Balık, yüzeyde gezindiği için oltaya açlığını gidermek için, kolay takılıyordu. Bu arada bulutlar kaybolmuş ve mavi sulara oltayı atmak zevk haline gelmişti. Denizin sessizliğinde oltayı atıyor ve çekiyorduk. Balık sanki kancaya takılan yemi bekliyordu. Balık zaten yem için geziniyordu.
Yeteri kadar balık yakaladığımızda, kayığı kenara çekerdik. Kayığın kenara çekilmesi dört kişi olduğumuz için kolay oluyordu. Çektikten sonra temizliyor ve örtüyorduk. Oradan araba yoluna geçer ve nineye uğrardık. Nineye balık bırakır ve eve geçerdik. Balıkları temizler, akşama mangala hazır hale getirirdik. Akşam mangal görevini yapar ve peşinden yine mangalın külünde patates pişirirdik.

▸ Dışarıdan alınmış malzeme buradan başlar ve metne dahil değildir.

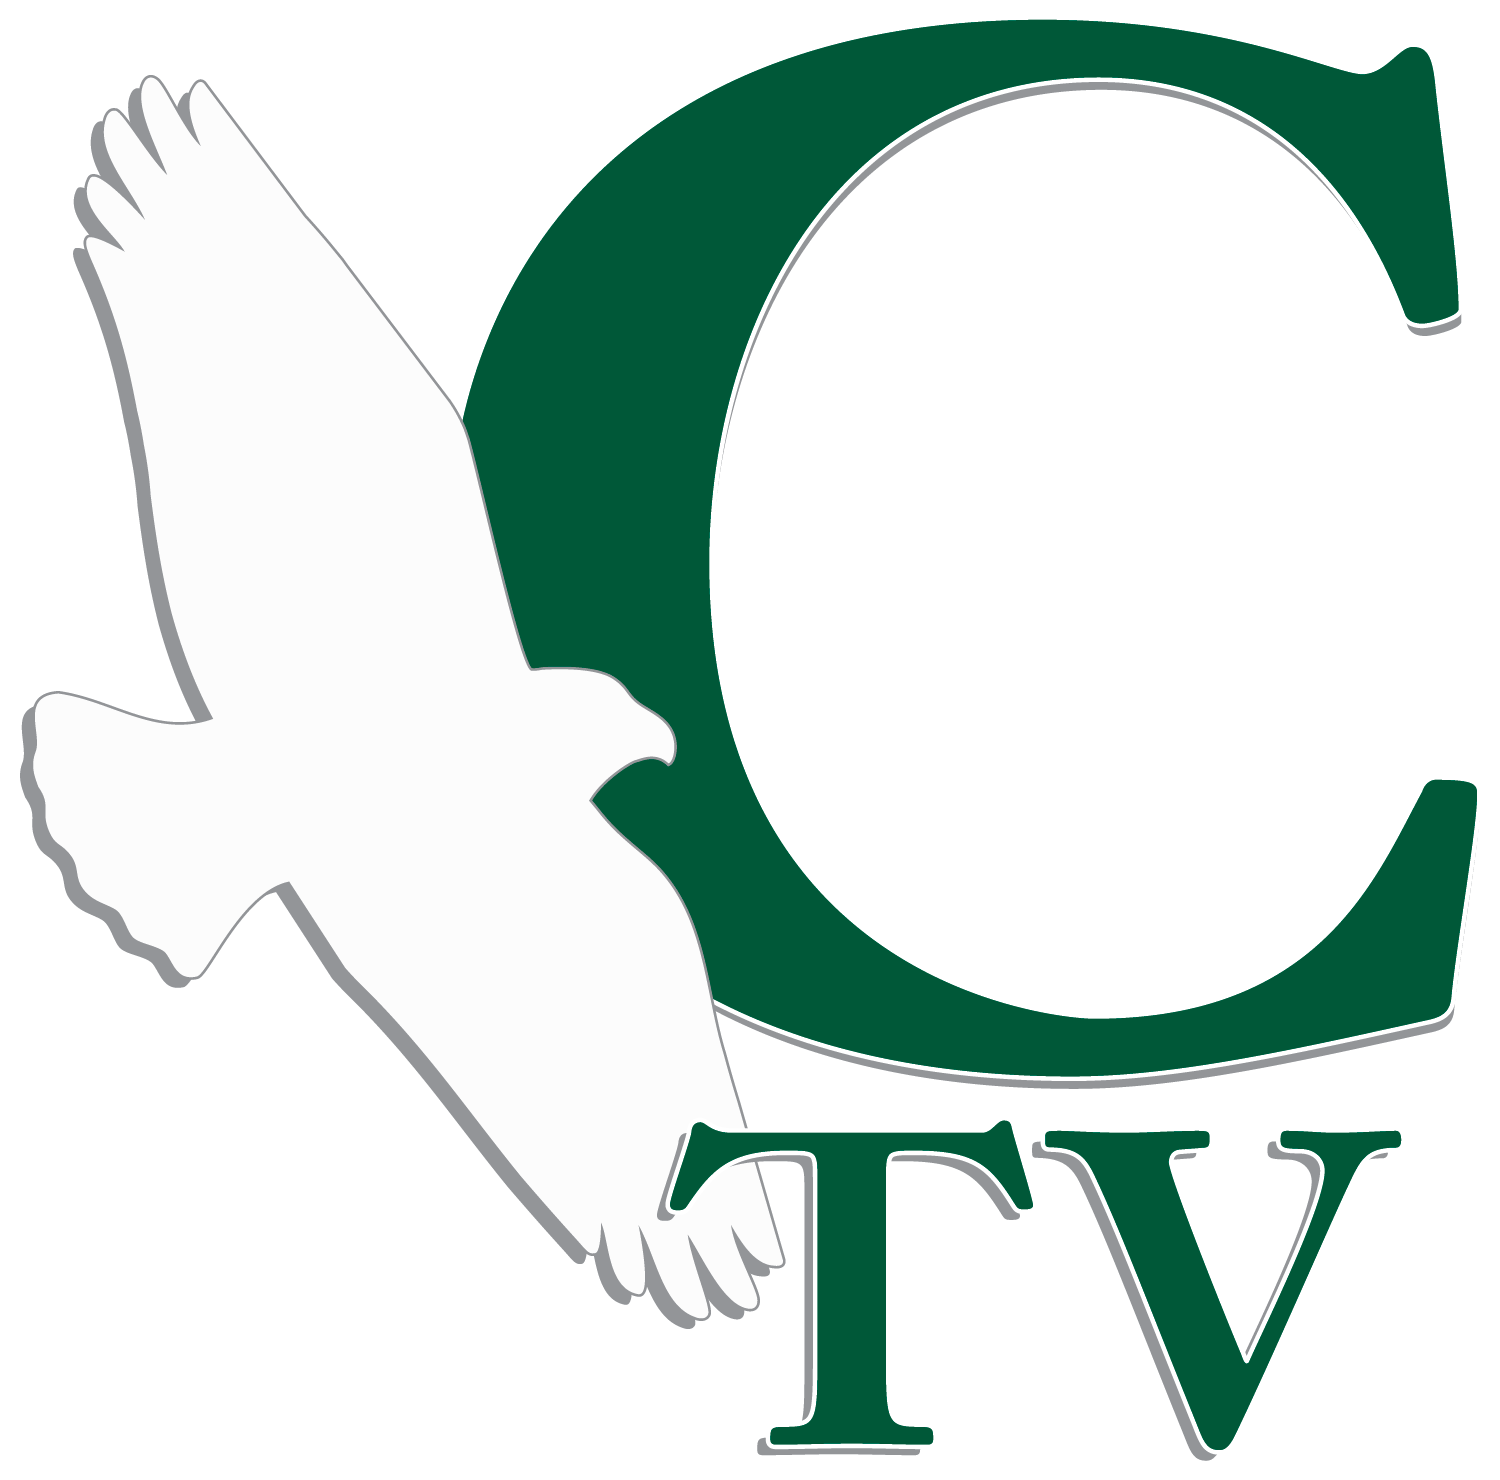 Profilo CTV The Calabasas Canale Tv

Mangal işinde, komşumuzun oğlunun mahareti büyüktü. Pişirme işlevini yapar ve hiçbir şekilde küle, balığı değdirmezdi.
Bu tür birliktelikler, zor da olsa bir şekilde gerçekleşiyordu. Domates ve biber bahçenindi. Mutlu olmak yaptığın iyi işlere bağlıydı. Yoksa her şey sözde kalıyordu. Balık ziyafetinde yaylanın mantarından bahsetmemek olmazdı.
Yaylanın bu seneki otundan ve odunundan bahsettik. Yolların yapıldığını, arabanın kolaylıkla ulaşacağını konuştuk. Haberler sevindiriciydi.

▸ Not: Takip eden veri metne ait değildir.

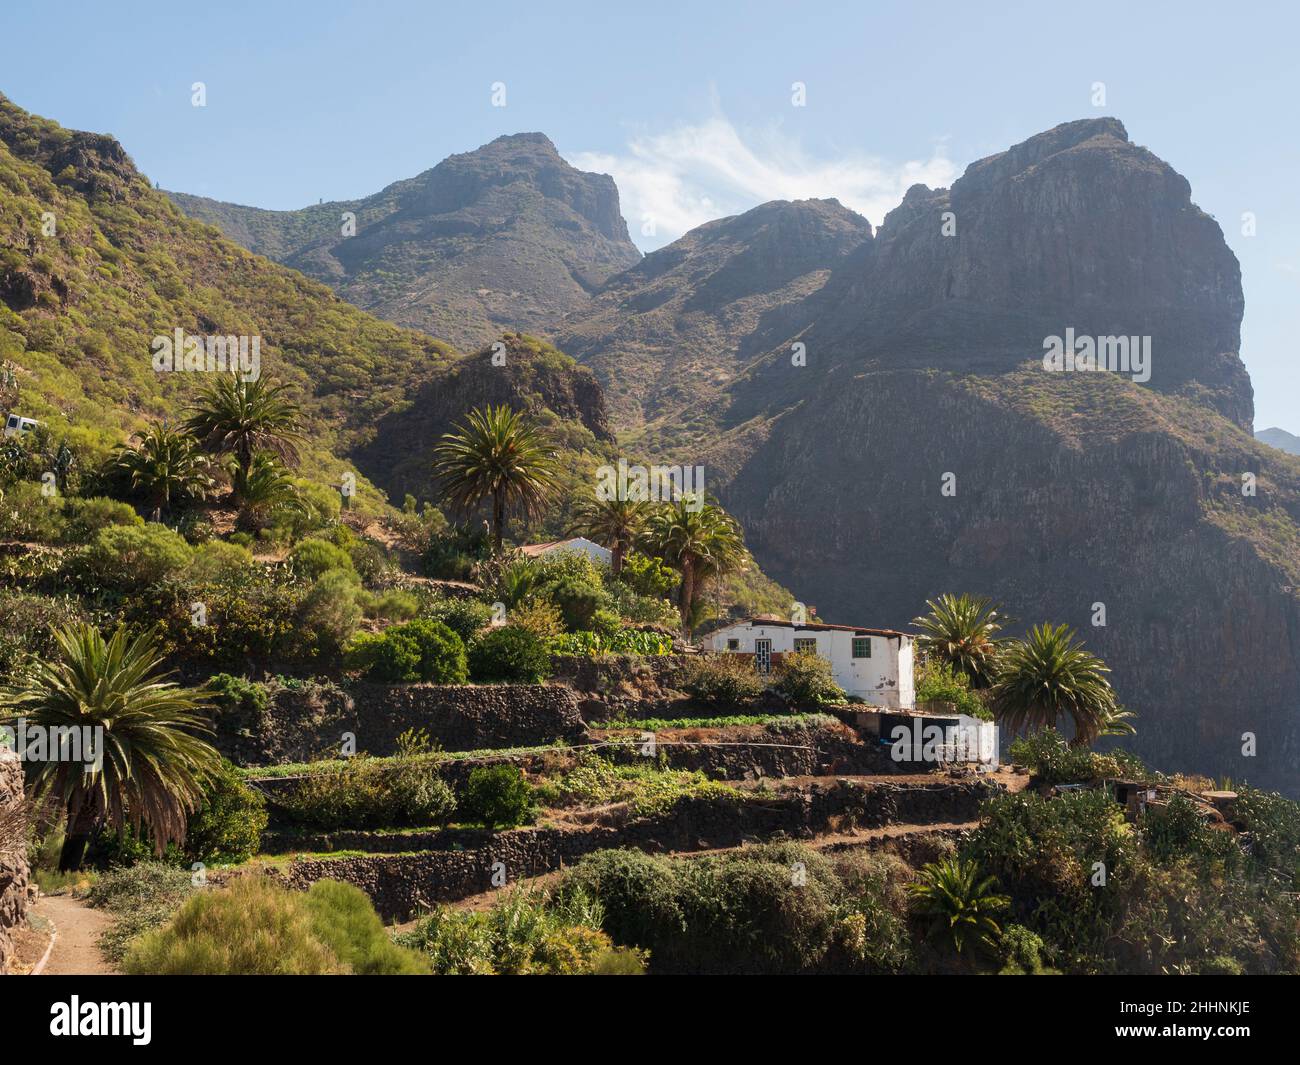 Pueblo de Masca, Montañas Teno, Tenerife, Islas Canarias. Una pequeña finca o explotación agrícola. Foto de stock

Doğal mantarın lezzeti başkaydı. Mantarın yanında, bahçenin yabani otlarını almaya çalışırdık. Yalnız güneşten korunmanın hesabını yapar ve zorlandığımızda eve çekilirdik.
Yaylada mantar için mangal yerine, kara ateşte köz oluşumunu sağlar ve pişirme işlemini yapardık. Közde mantarın lezzeti de çok nefis oluyordu.
Bahçeden domates ve biber kendini gösteriyordu. Özellikle balığın yanında lezzetleri fark ediliyordu. Mangal keyfi onlarsız çıkmıyordu. Balıkların mangalda pişirilmesine, kardeşim de yardım ediyordu. Kızartmak zaman alıyor ve bütün balıklar ki en az üç, dört kilo kızartılırdı.
Balığı kara ateş yaksak da kızartabilirdik. Fakat mangalın özelliği kömürü yakması büyük pratiklik sağlamasıydı. Kızartma bittiğinde mangalı bir kenara bırakırdık. Böylece ateşi sönmüş oluyordu.
Kardeşim sarı kulakları, oltayla yakaladığını hiçbirimize inandıramamıştı.